The global state of the system is carried into all functions and comes out from all functions. Mechanisms like monads (for FPLs) and DCGs (logic languages) are used to hide state from the programmer so they can program “as if state didn’t matter” but have full access to the state of the system should this be necessary.
The “hide the state from the programmer” option chosen by OOPLs is the worse possible choice. Instead of revealing the state and trying to find ways to minimise the nuisance of state, they hide it away.

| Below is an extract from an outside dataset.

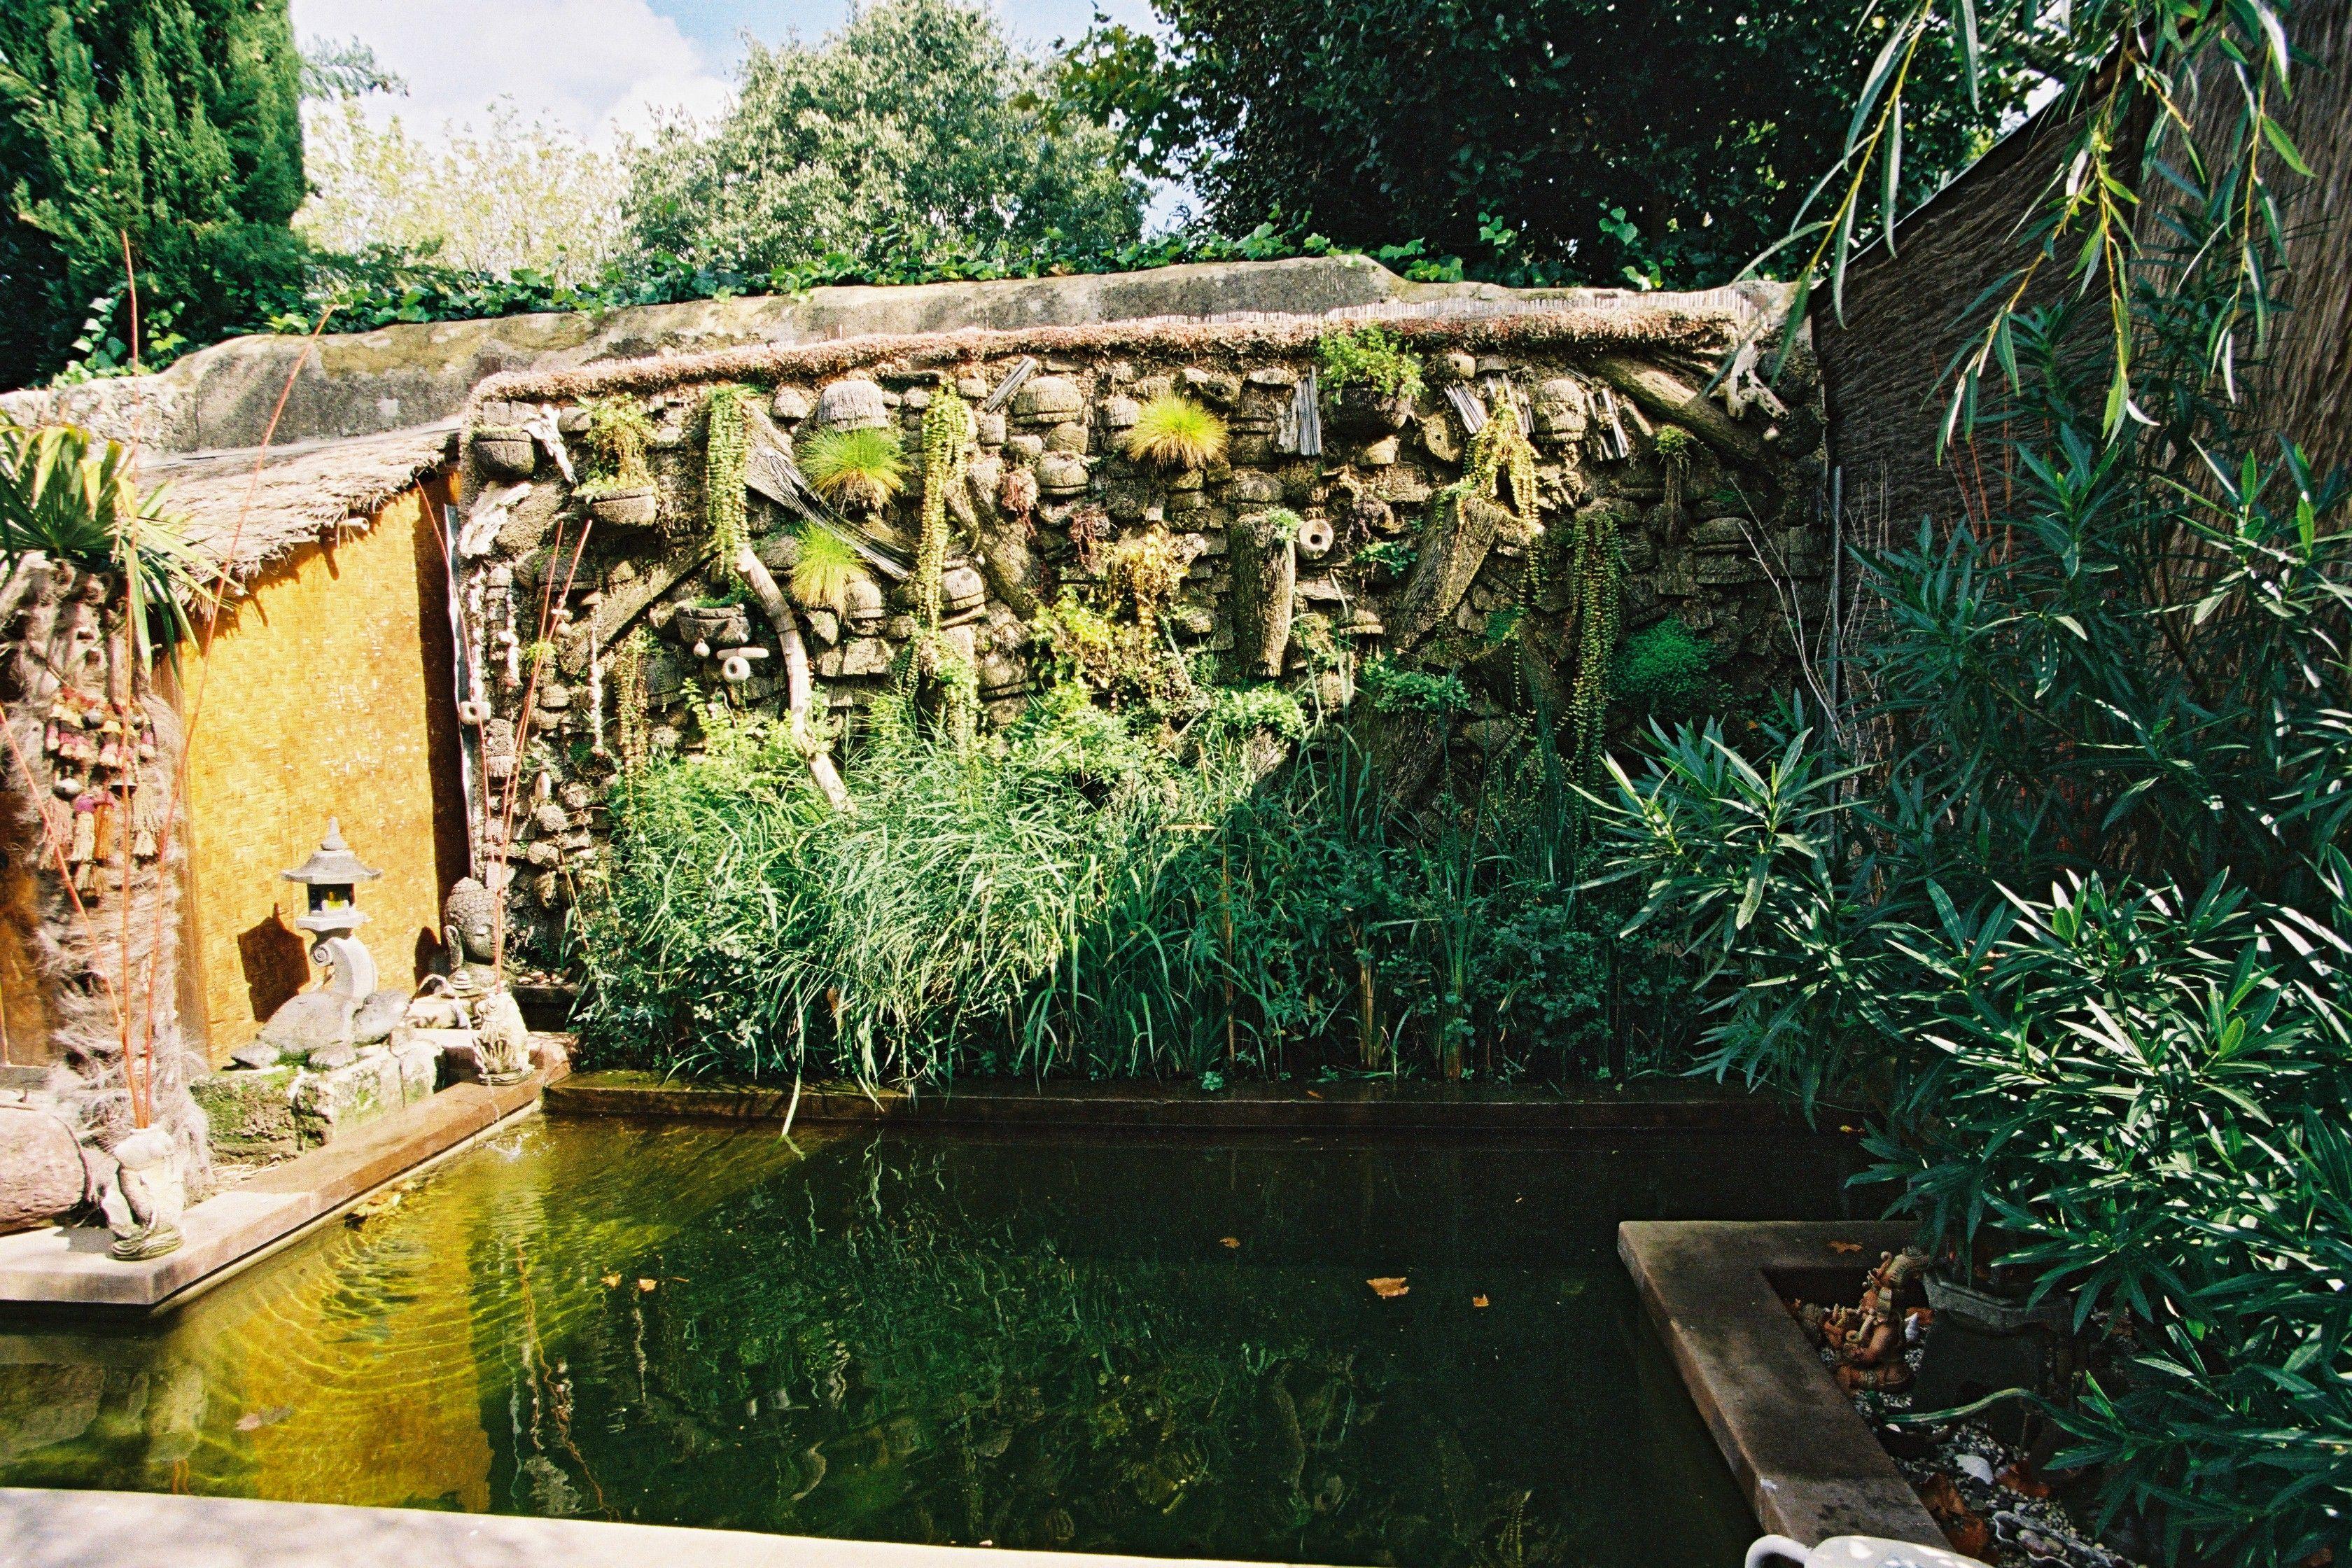 Piscine Naturelle Dans Le Jardin Des Chambres D Hotes Pas Cher A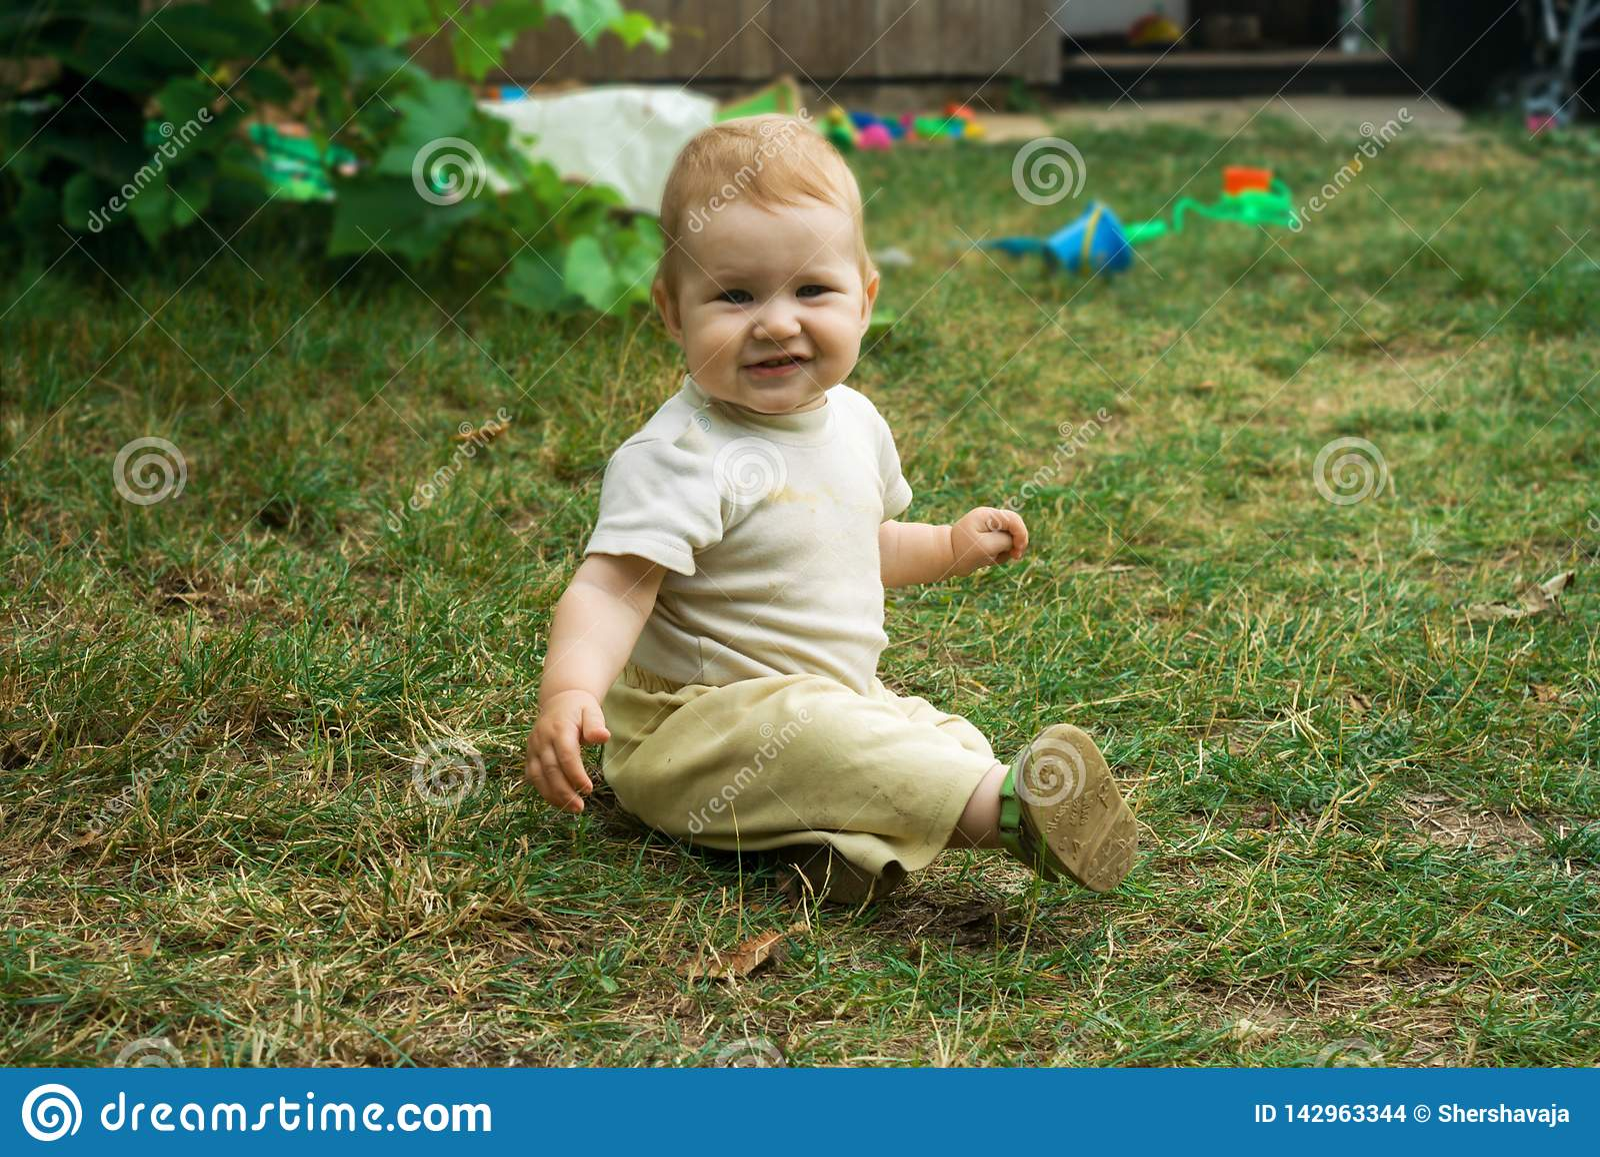 Das Kind glücklich kriecht und sitzt auf dem grünen Gras Kleinkindlächeln und -verschiebung auf allen fours um das Yard im Freien

系统的全局状态从各个函数中进进出出。像单体结构(对于函数式编程语言)和分布式结构(对于逻辑语言)这样的机制被用来从程序员手中隐藏状态,这样他们就可以像「状态似乎不重要」一样来编程。不过,拥有对系统状态的全部访问权限是必要的。
面向对象编程语言选择「从程序员手中隐藏状态」是十分糟糕的选择。它们不但不展现状态和找到减少令人讨厌的状态的方法,反而把它们都藏了起来。
Why OO was popular?
Reason 1 - It was thought to be easy to learn.
Reason 2 - It was thought to make code reuse easier.
Reason 3 - It was hyped.
Reason 4 - It created a new software industry.
I see no evidence of 1 and 2. Reasons 3 and 4 seem to be the driving force behind the technology. If a language technology is so bad that it creates a new industry to solve problems of its own making then it must be a good idea for the guys who want to make money.
This is is the real driving force behind OOPs.